It was found that severe weather events indeed had a huge impact on society in recent years. Floods were found to have cost most significant economy damage, which attributed to more than 150 billions US dollars of property damage. Tornados were found to have made most number of death and injuries, with almost 97,000 injuries or fatalities in recent years.
Performed steps:
Load the data from csv file
Remove some unused variables to save memory
Remove original data to save memory
Calculate the damage
Using levels(), it was found that the exponential has lots of values that were not explained in the documentation. These values were ignored. Only K, M, B were understood as 1000, 10^6 and 10^9, respectively.
Property damage & crop damage were summed up to get the total damage
Calculate total fatalities and injuries
# Load the data
storm_data_raw <- read.csv("~/Downloads/Data/repdata-data-StormData.csv")
# Remove unnecessary columns
good_columns <- c("EVTYPE", # Event type
"FATALITIES", "INJURIES", # Fatalities & Injuries
"PROPDMG", "PROPDMGEXP", # Property damange & its exponential
"CROPDMG", "CROPDMGEXP") # Crop damage & its exponential
storm_data <- storm_data_raw[,good_columns]
summary(storm_data)
## EVTYPE FATALITIES INJURIES
## HAIL :288661 Min. : 0.0000 Min. : 0.0000
## TSTM WIND :219940 1st Qu.: 0.0000 1st Qu.: 0.0000
## THUNDERSTORM WIND: 82563 Median : 0.0000 Median : 0.0000
## TORNADO : 60652 Mean : 0.0168 Mean : 0.1557
## FLASH FLOOD : 54277 3rd Qu.: 0.0000 3rd Qu.: 0.0000
## FLOOD : 25326 Max. :583.0000 Max. :1700.0000
## (Other) :170878
## PROPDMG PROPDMGEXP CROPDMG CROPDMGEXP
## Min. : 0.00 :465934 Min. : 0.000 :618413
## 1st Qu.: 0.00 K :424665 1st Qu.: 0.000 K :281832
## Median : 0.00 M : 11330 Median : 0.000 M : 1994
## Mean : 12.06 0 : 216 Mean : 1.527 k : 21
## 3rd Qu.: 0.50 B : 40 3rd Qu.: 0.000 0 : 19
## Max. :5000.00 5 : 28 Max. :990.000 B : 9
## (Other): 84 (Other): 9
# Remove original data to save space
remove(storm_data_raw)
# Calculate the total damage
levels(storm_data$PROPDMGEXP) <- c(
"1", "1", "1", "1", "1", "1", "1", "1", "1", "1", "1", "1", "1",
"1000000000", "1", "1", "1000", "1000000", "1000000")

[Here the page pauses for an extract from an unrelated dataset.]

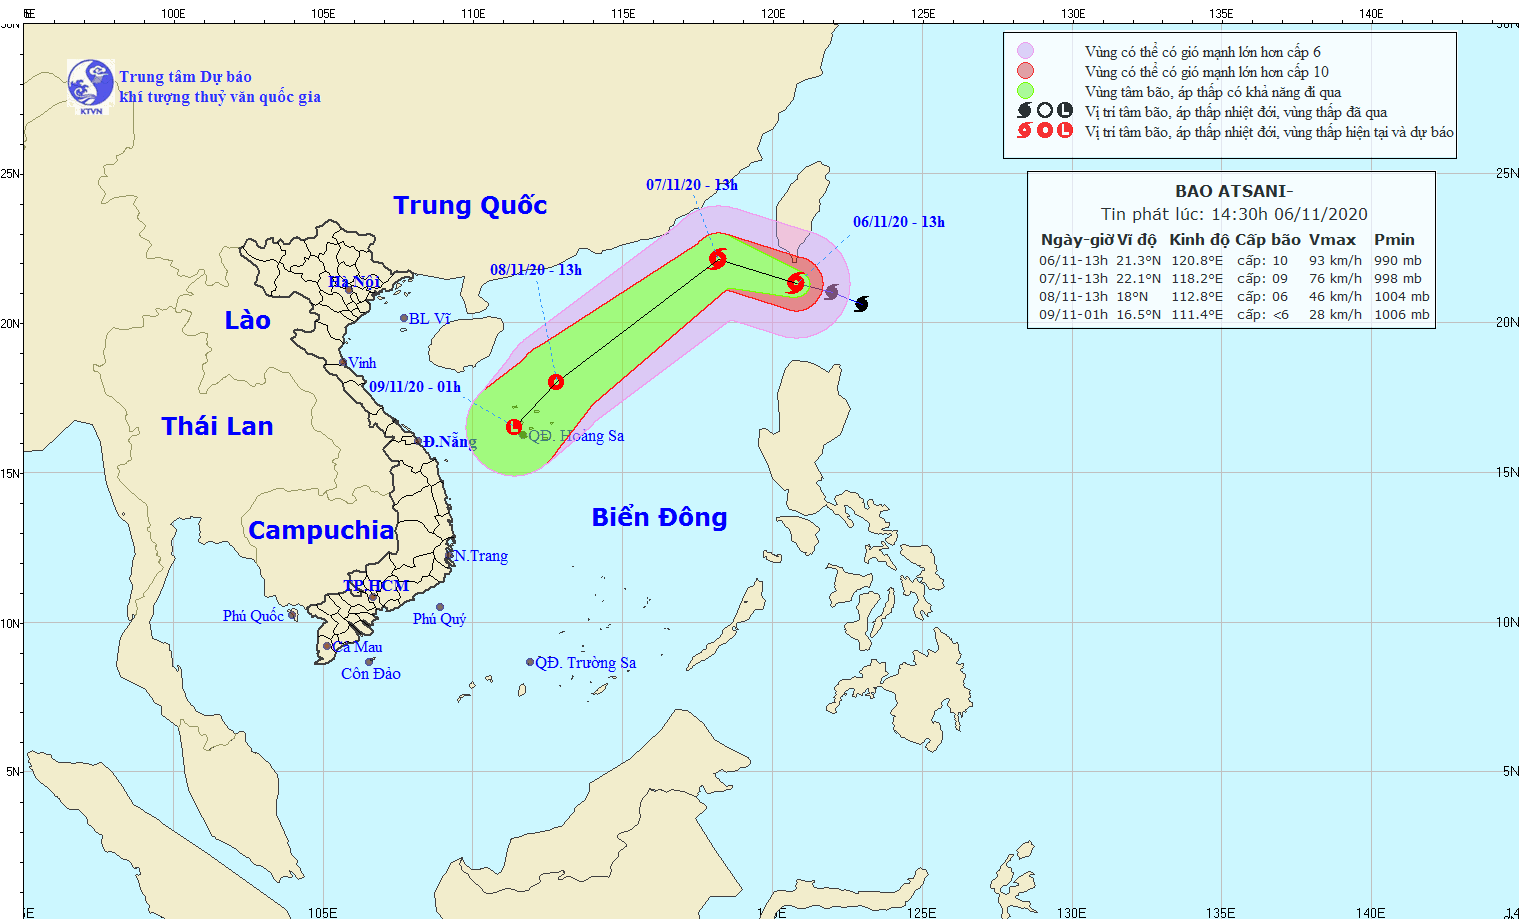 Bão Astani giật cấp 12 cách đảo Đài Loan 230km, đang di chuyển vào biển Đông

levels(storm_data$CROPDMGEXP) <- c(
"1", "1", "1", "1", "1000000000", "1000",
"1000", "1000000", "1000000")
storm_data$PROPDMG <- storm_data$PROPDMG *
as.integer(as.character(storm_data$PROPDMGEXP))
storm_data$CROPDMG <- storm_data$CROPDMG *
as.integer(as.character(storm_data$CROPDMGEXP))

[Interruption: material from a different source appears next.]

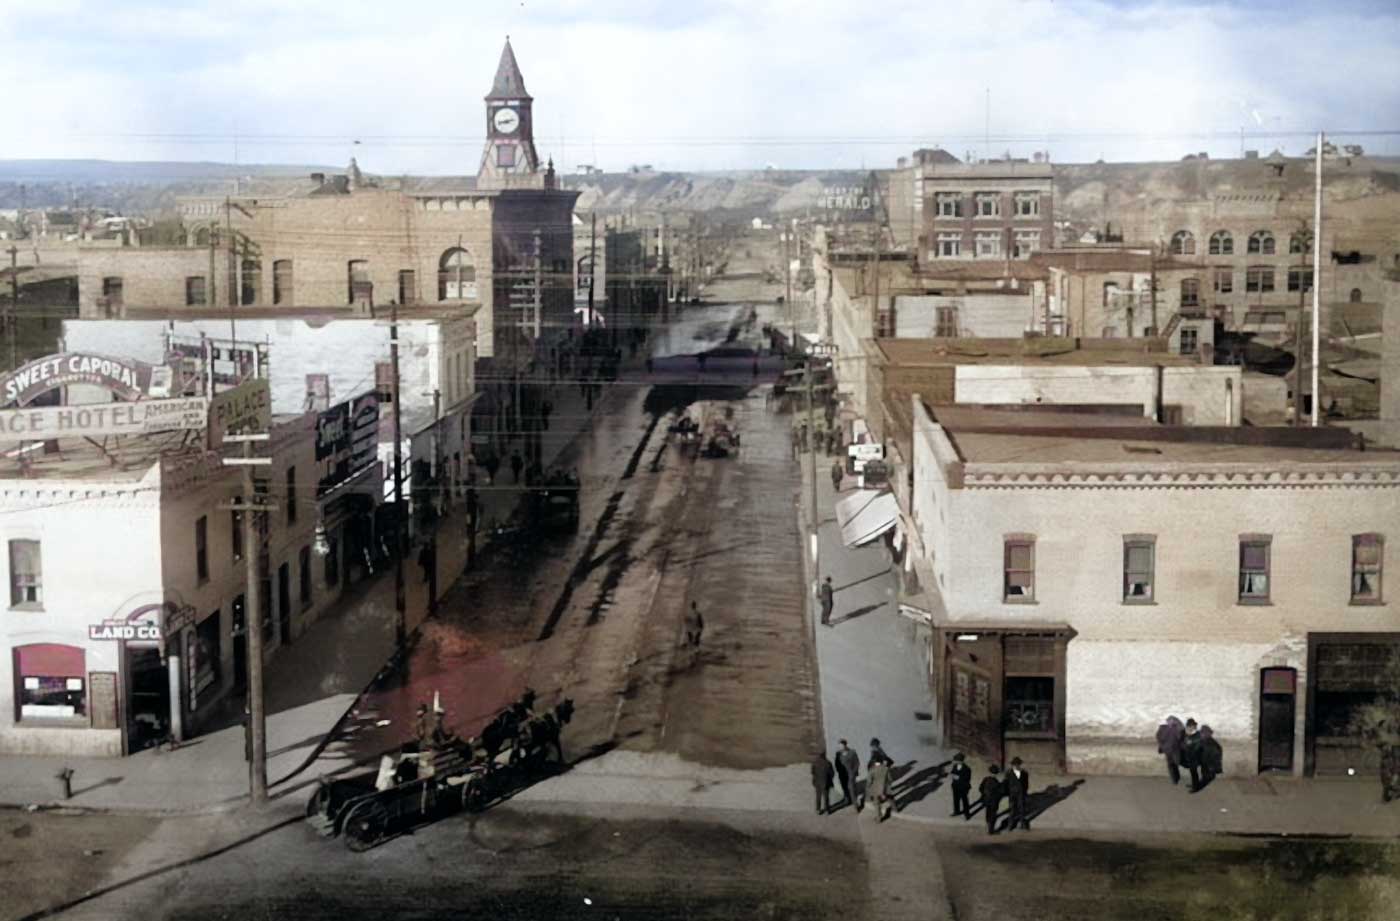 Calgary City Old Photo (1900s)

storm_data$DAMAGE <- storm_data$PROPDMG + storm_data$CROPDMG
# Calculate total injuries & fatalities
storm_data$HEALTH <- storm_data$INJURIES + storm_data$FATALITIES
Across the United States, which types of events (as indicated in the EVTYPE variable) are most harmful with respect to population health?
total <- sort(
tapply(storm_data$HEALTH, storm_data$EVTYPE, sum),
decreasing = T)
barplot(head(total,3),
main="Most harmful events",
xlab="Event type",
ylab="Total fatalities and injuries")
max(total)
## [1] 96979
From the figure, it was found that Tornado has caused the most number of injuries and fatalities (96,980 fatalities and injuries), significantly more than any other type of events.
total <- sort(
tapply(storm_data$DAMAGE, storm_data$EVTYPE, sum),
decreasing = T)
barplot(head(total,3),
main="Most damaging events",
xlab="Event type",
ylab="Total damage")
max(total)
## [1] 150319678257
From the figure, it was found that Flood has caused biggest damage (around 150 billions US dollars), much higher than any other events.